E per trovare una seria soluzione non servono le battute sulle crociere nel Mediterraneo o gli slogan, del tipo: “aiutiamoli a casa loro”, parole ripetute in tutte le occasioni in cui viene pubblicamente dibattuto il problema, ma senza entrare nel vivo di un qualsivoglia progetto di aiuto che possa essere tempestivo ed efficace. Alle parole dei politici di turno che ormai si stanno specializzando sempre di più in battute ad uso campagna elettorale permanente, occorrerebbe passare ai fatti senza promettere, come è successo ultimamente, qualcosa come un miliardo di euro a sostegno dell’economia e del lavoro il quei paesi da dove partono i disperati che vogliono venire da noi, dimenticando come niente fosse tutte le promesse precedenti non mantenute.

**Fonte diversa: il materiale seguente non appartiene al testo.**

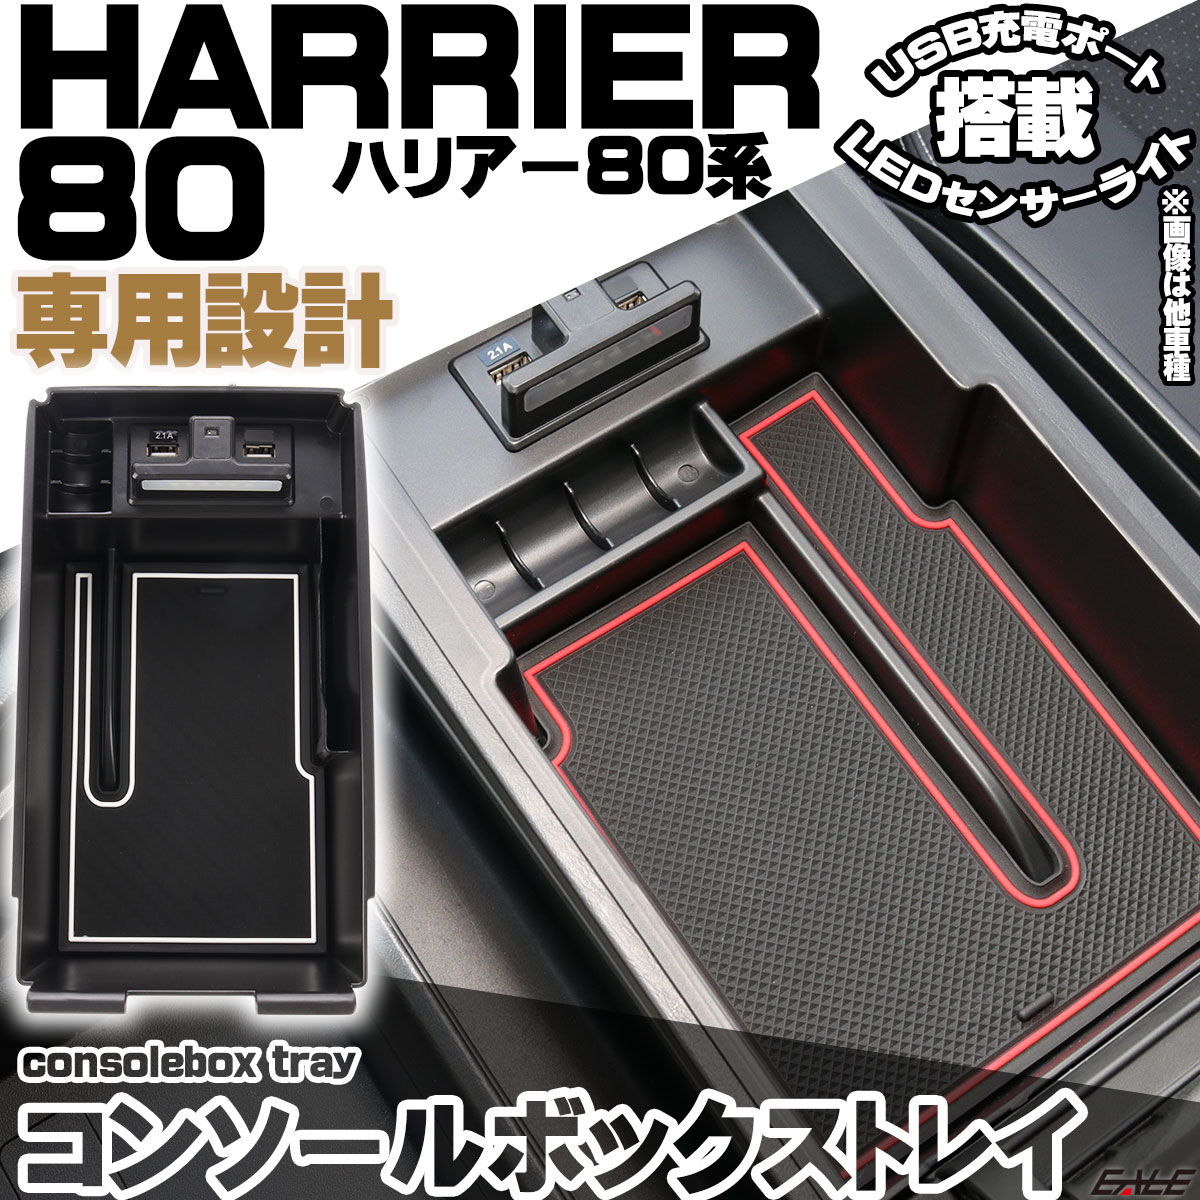 ハリアー HARRIER 80系 専用設計 センター コンソール ボックス トレイ USB 2ポート 急速充電 LED センサーライト 搭載 S-874

Nel frattempo veniamo a sapere che invece in Germania i migranti che sono stati accolti in numero di circa 300.000 sono stati per la maggior parte già istruiti ed avviati al lavoro e si spera possano contribuire ad innalzare il livello produttivo del paese senza provocare più di tanto una crisi di paura di perdite di lavoro nei lavoratori residenti, che al contrario hanno visto accresciute le garanzie a loro favore. Non penso infatti siano balle quelle che si scrivono a proposito di alcune riforme adottate dal governo tedesco sia nei confronti dei lavoratori che delle lavoratrici madri, nonostante le difficoltà della crisi che ha colpito un po’ dovunque nel nostro continente europeo.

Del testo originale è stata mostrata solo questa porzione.